Section 8. Deferred Stock.
8.1 Grant. Shares of Deferred Stock may be awarded either alone or
in addition to other awards granted under the Plan. The Committee shall
determine the eligible persons to whom and the time or times at which grants
of Deferred Stock shall be awarded, the number of shares of Deferred Stock
to be awarded to any person, the duration of the period (the "Deferral
Period") during which, and the conditions under which receipt of the shares
will be deferred, and all other terms and conditions of the awards.

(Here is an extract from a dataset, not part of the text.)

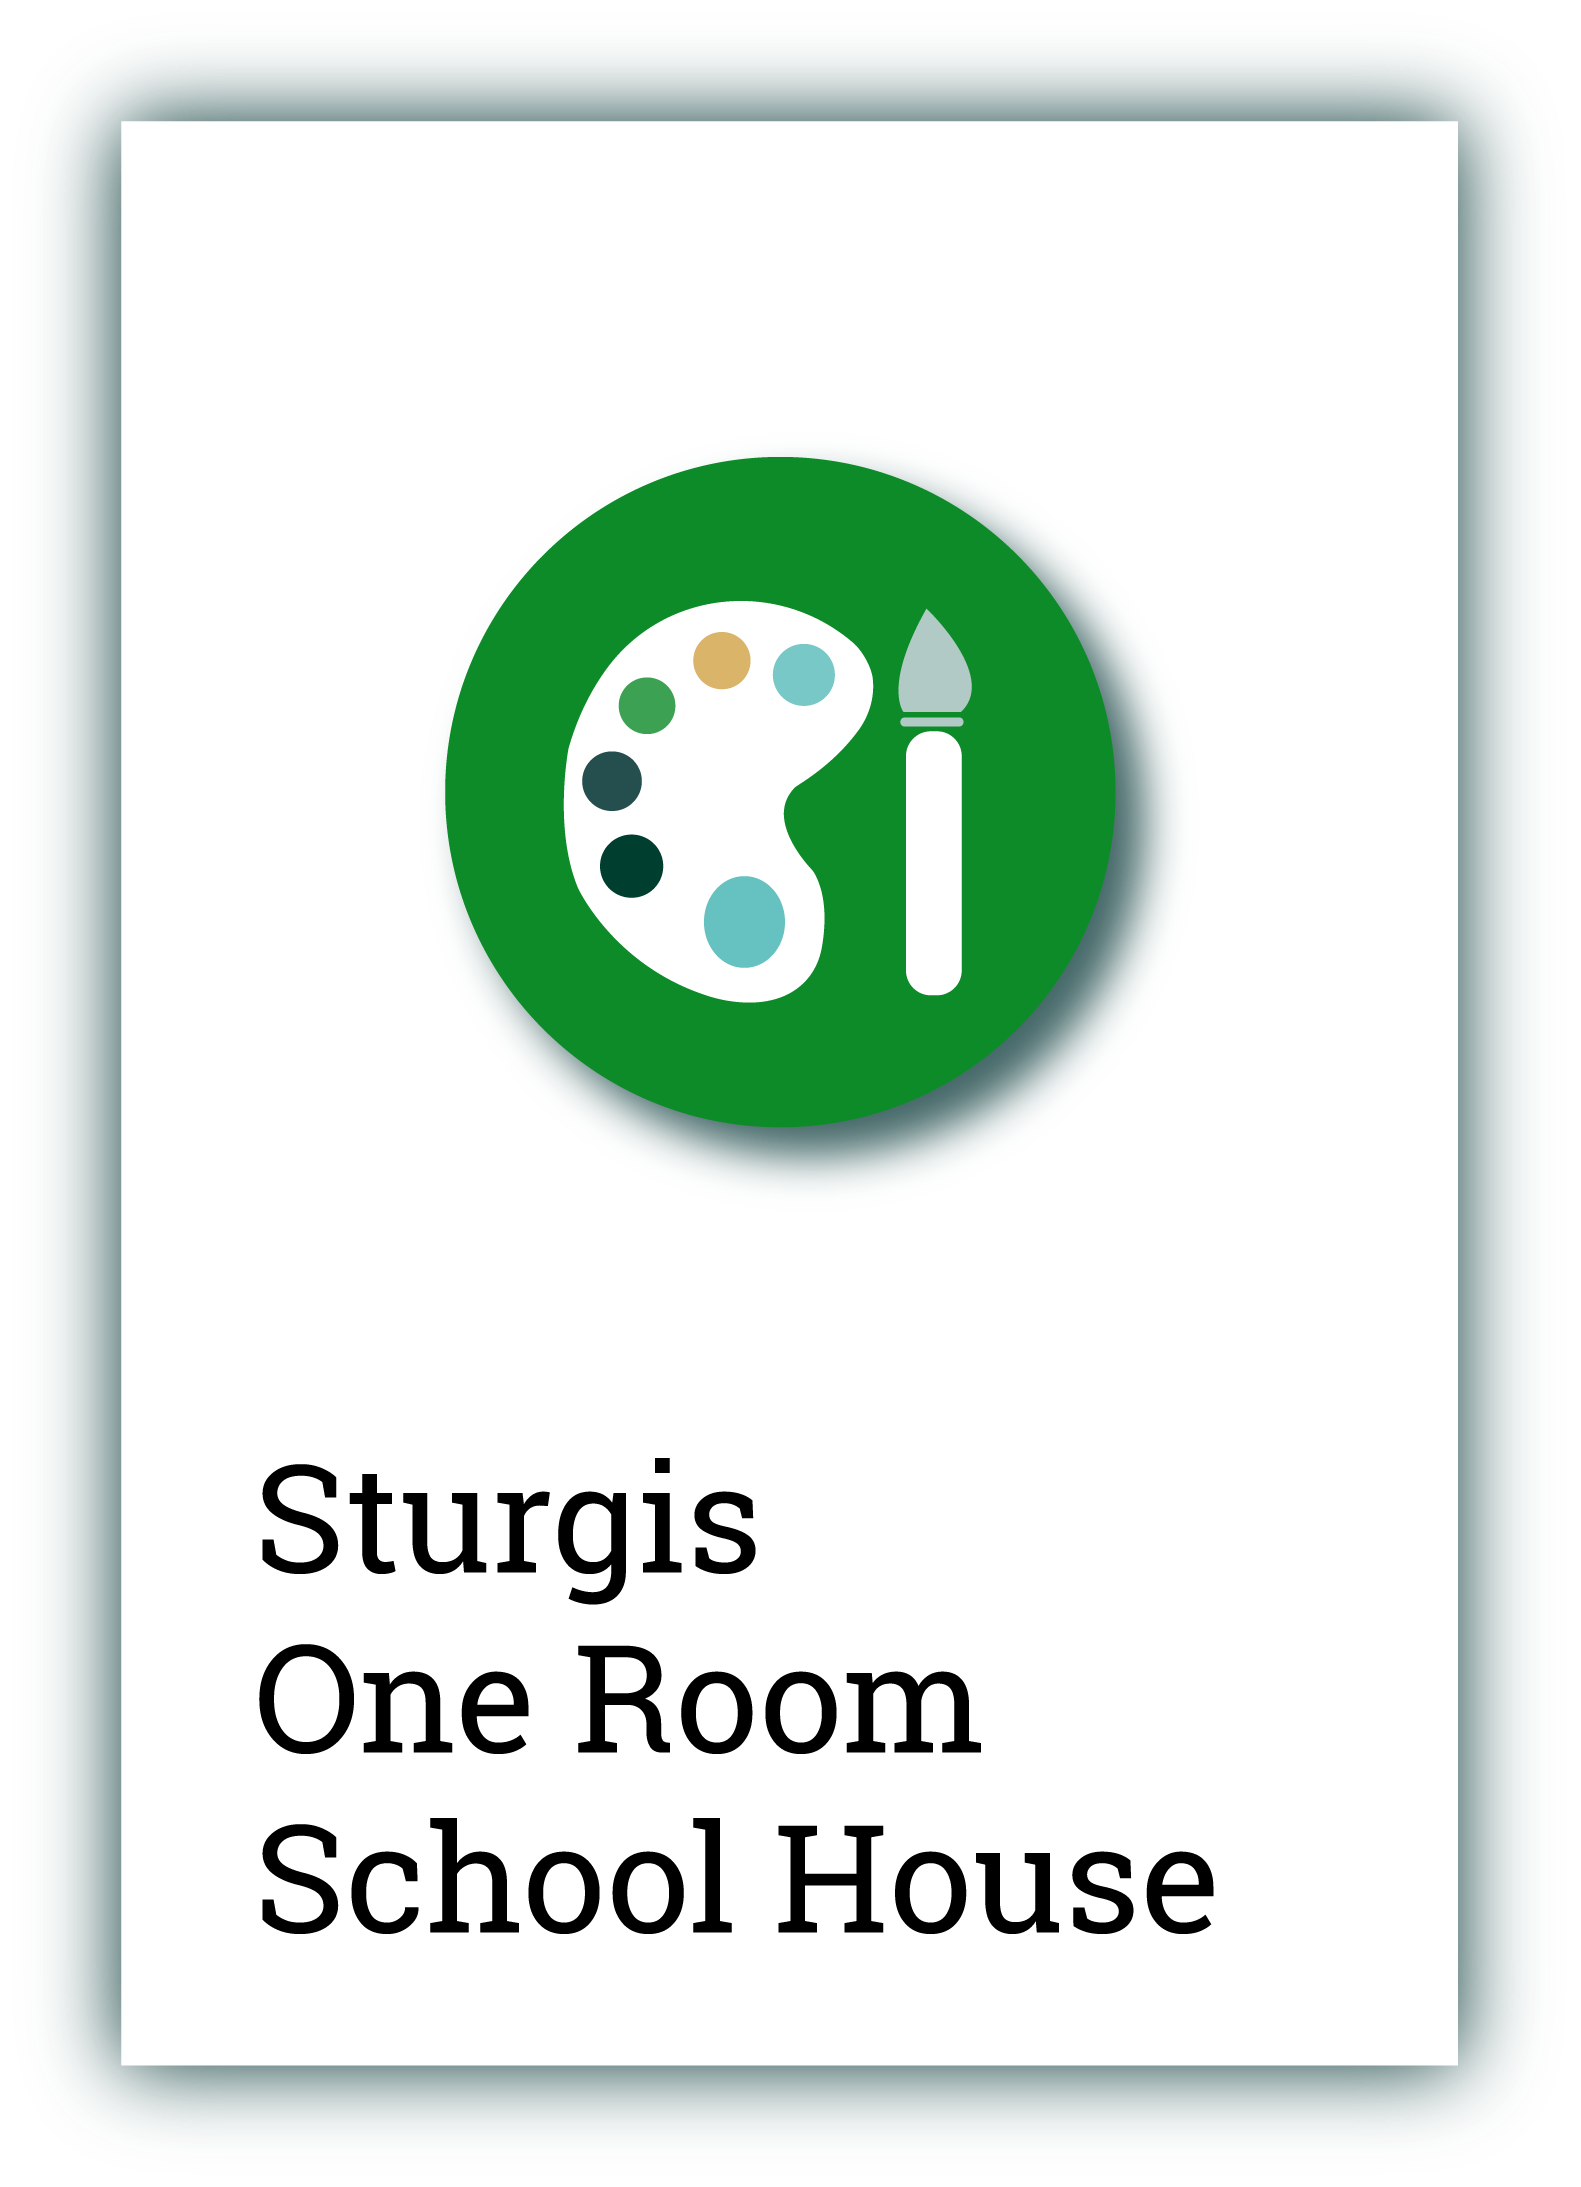 Sturgis One Room School House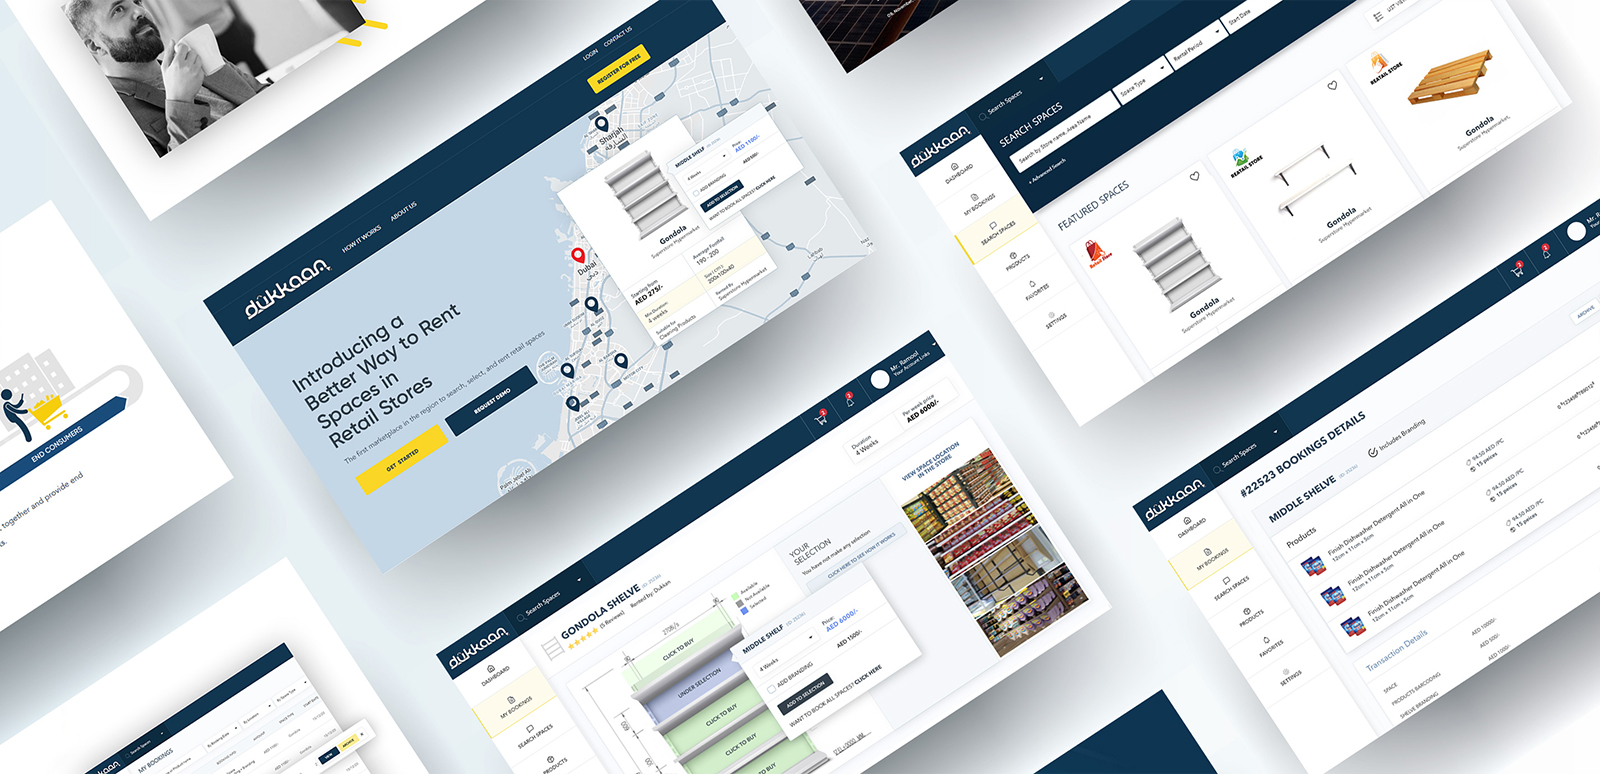 Dukkan Case Study - UI/UX design to responsive web application - Element8 Dubai

8.2 Terms and Conditions. Each Deferred Stock award shall be
subject to the following terms and conditions:
(a) Certificates. At the expiration of the Deferral Period
(or the Additional Deferral Period referred to in Section 8.2(c)
below, where applicable), share certificates shall be delivered to the
Holder, or his legal representative, representing the number equal to
the shares covered by the Deferred Stock award.
(b) Vesting; Forfeiture. Upon the expiration of the Deferral
Period (or the Additional Deferral Period, where applicable) with
respect to each award of Deferred Stock and the satisfaction of any
other applicable limitations, terms or conditions, such Deferred Stock
shall become vested in accordance with the terms of the Agreement.
Any Deferred Stock that does not vest shall be forfeited to the
Company and the Holder shall not thereafter have any rights with
respect to such Deferred Stock that has been so forfeited.
(c) Additional Deferral Period. A Holder may request to, and
the Committee may at any time, defer the receipt of an award (or an
installment of an award) for an additional specified period or until a
specified event (the "Additional Deferral Period"). Subject to any
exceptions adopted by the Committee, such request must generally be
made at least one year prior to expiration of the Deferral Period for
such Deferred Stock award (or such installment).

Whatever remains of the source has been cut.